My review of Cloud Atlas was posted on FBC last month, and I will admit that I did not have to pay money to see the film. It was free. I’m going to see the movie again this week, and I’m going to pay for it this time. I’m also going to see it at night when there’s no discounted price for a matinee ticket. I’m going out of my way to buy the most expensive ticket. I’m doing this because I want to do my small part to help assuage what is probably inevitable – that Cloud Atlas is going to be a financial disaster at the box office.
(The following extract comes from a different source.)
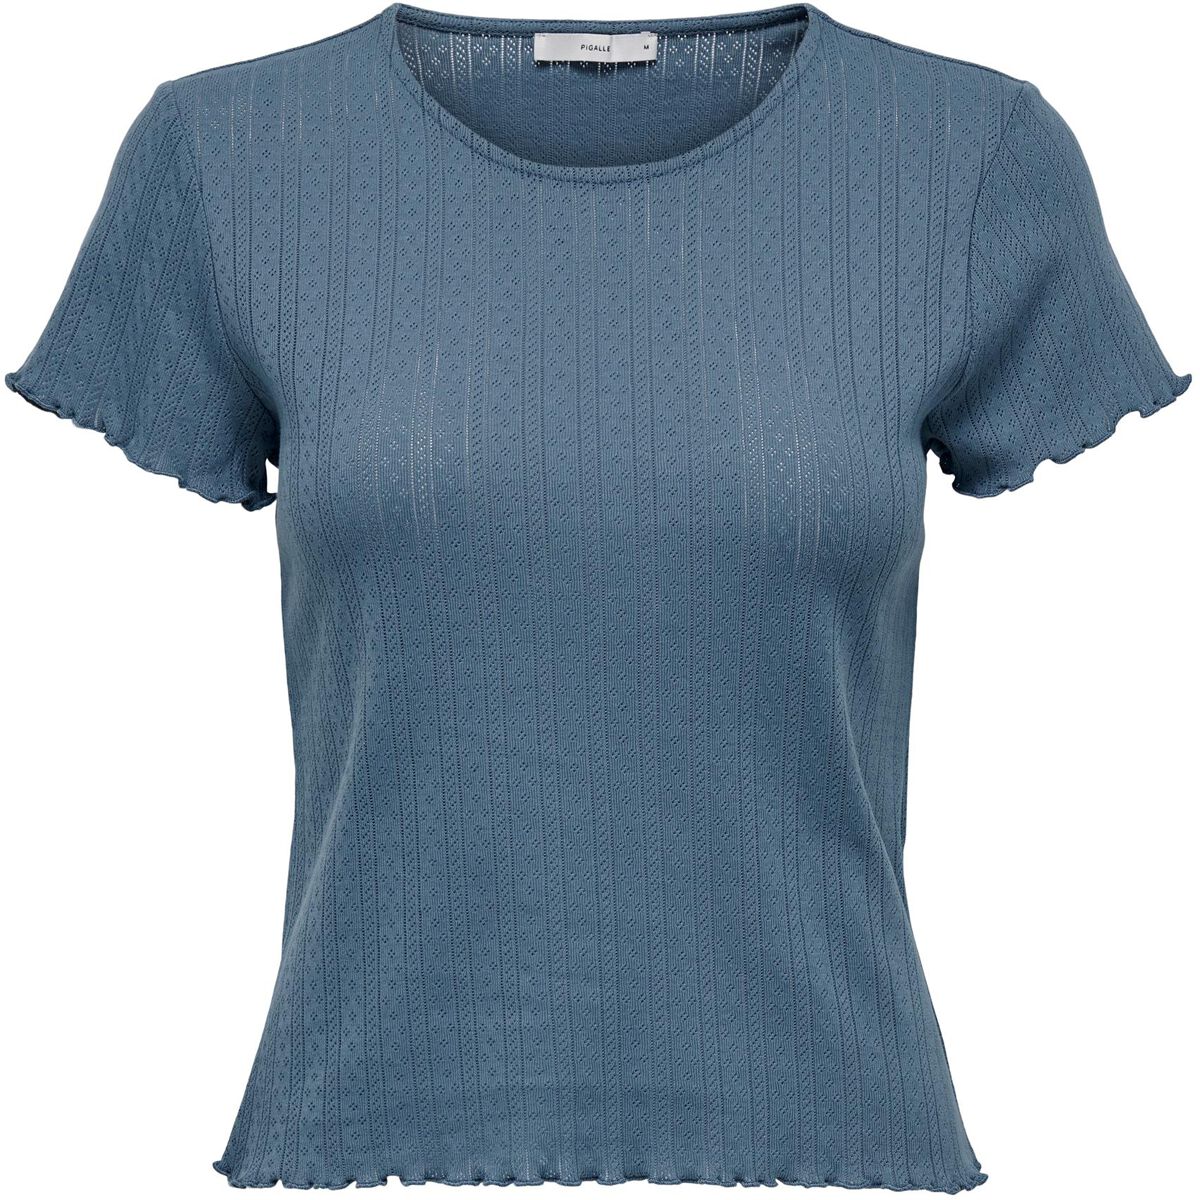 Only Onlcarlotta S/S Top T-Shirt blau in S
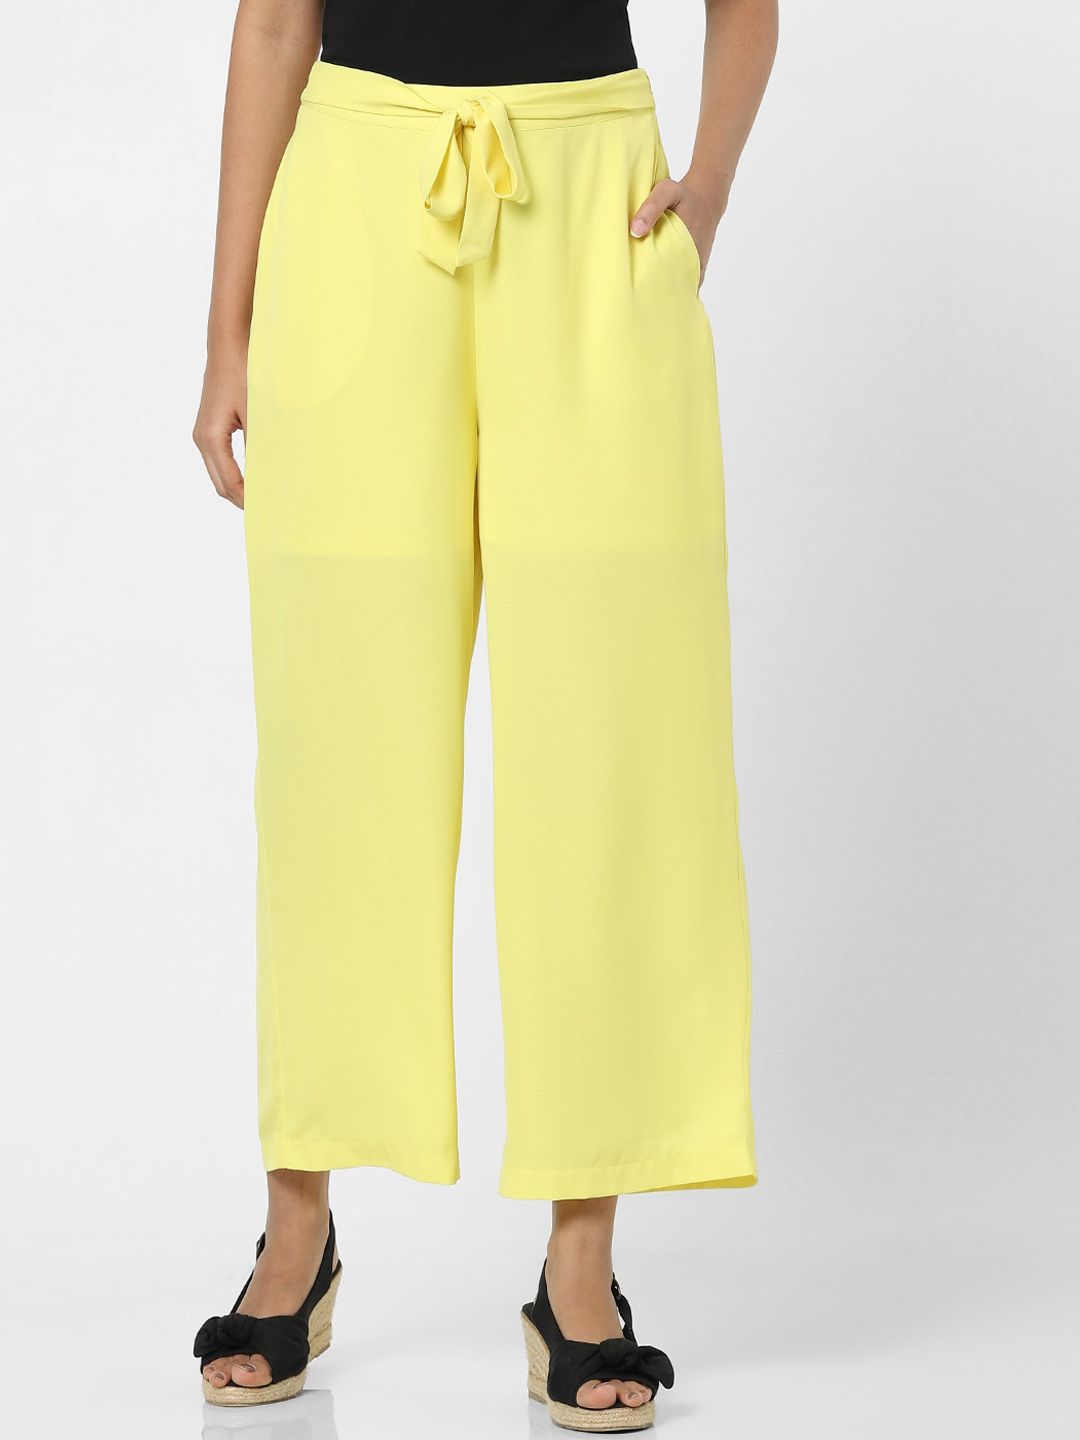 Vero Moda Women Yellow Trousers Price in India

I don’t pay a lot of attention to box office reports; I’ll admit that I’m not much interested in the business part of show business. But, I would be naïve to think that the money side of things isn’t likely more important that the creative side in some ways. And so, I noticed yesterday that Cloud Atlas had a disastrous opening weekend in North America. It grossed less than $10 million ($9.6 to be more precise) in its first three days, and prognosticators think it will top out at around $30 million domestic. Cloud Atlas cost around $100 million to produce. It was actually financed independently and distributed by Warner Bros. It looks destined to lose a lot of money.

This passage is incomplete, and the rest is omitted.